In fact, the Editorial Board’s lament that “the highest court is not bound by a code of ethics as the lower federal courts are” in itself illustrates the absurdity of suggesting that the “ethics code” could make judges stick to rules — because according to their logic, all should be well in the lower courts since lower courts judges are already bound by the “code of ethics.” But if it were so, people would have had no reason to appeal to the Supreme Court — yet that court gets close to 10,000 petitions per year.

My own free speech/property rights case was not taken by the Supreme Court (it should be noted that the way the Supreme Court chooses cases is deeply unfair — the court’s ability to hear cases being limited to the capacity of one judge, the lucky two hundred cases should be chosen by lottery, not by the favoritism of justices’ clerks) — but it went through plenty of rehearing and appeals done by lower-court judges who, according to the New York Times’ Editorial Board were bound by the “code of ethics”, And what did those “ethics-bound” judges do? The judge in the Court of Federal Claims replaced in his decision government lawyer’s losing argument with the winning argument of judge’s concoction. When the government study that cited our case completely demolished the judge’s argument, and we refiled in the Eastern district court of New York, the judge there replaced in his decision my lawyer’s winning argument with judge’s own, losing one. Heads, you lose. Tails, I win!

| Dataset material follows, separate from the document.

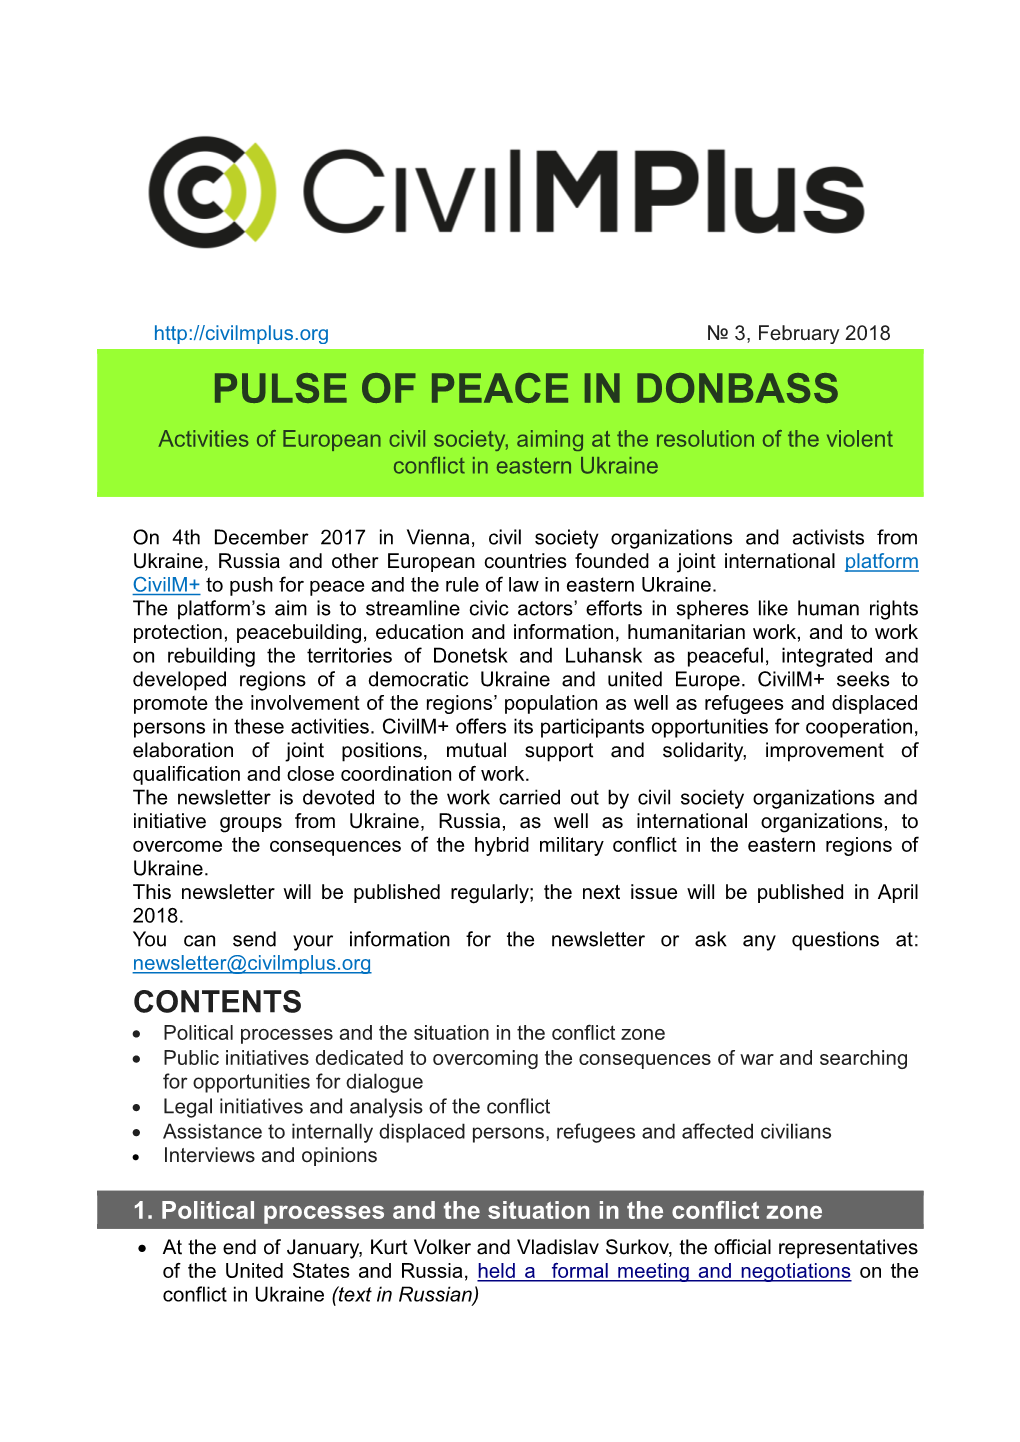 PULSE of PEACE in DONBASS Activities of European Civil Society, Aiming at the Resolution of the Violent Conflict in Eastern Ukraine

Mind you, this was done by judges who, unlike the justices of the Supreme Court, were actually bound by the judicial “ethics code” — and I have no reasons to doubt that indeed, they properly disclose all free travel, and all their real estate transactions — which did not prevent them from defrauding me of justice. And when I sued them for fraud, they defended themselves with judges’ self-given, in Pierson v Ray, right to act from the bench “maliciously and corruptly.” If being “corrupt and malicious” goes parallel to the code of ethics, what difference does being “ethical” do? How can it produce procedurally proper judging?

The New York Times‘ editors know this full well — because I told them, many a times. And yet, they keep crying up the red herring of the “code of ethics.” Why? Because what they want is not judging “according to law” that produces justice. They want political judging “according to men” — but of a kind that fits their politics. To the New York Times, the problem is that the current political judging goes the “wrong” way — which is why the editors squeal from the op-ed page. Once the political judging starts going the “right” way, all will be good, whether there is a code of ethics, or not.

The New York Times could have easily advocated for — and effected — the regime of justice at federal courts, by using its bully pulpit to disclose judicial fraud that is routinely perpetrated on federal benches. But this is not what its Editorial Board is after. The New York Times does not want justice — it wants decisions it likes. Accordingly, it cries itself shrill and hoarse, trying to link the un-linkable — the personal ethics, and proper professional performance.

Nice try, New York Times‘ Editorial Board — but I’m not buying any of this. Nor should anyone else.

Lev Tsitrin is the author of Why Do Judges Act as Lawyers?: A Guide to What’s Wrong with American Law.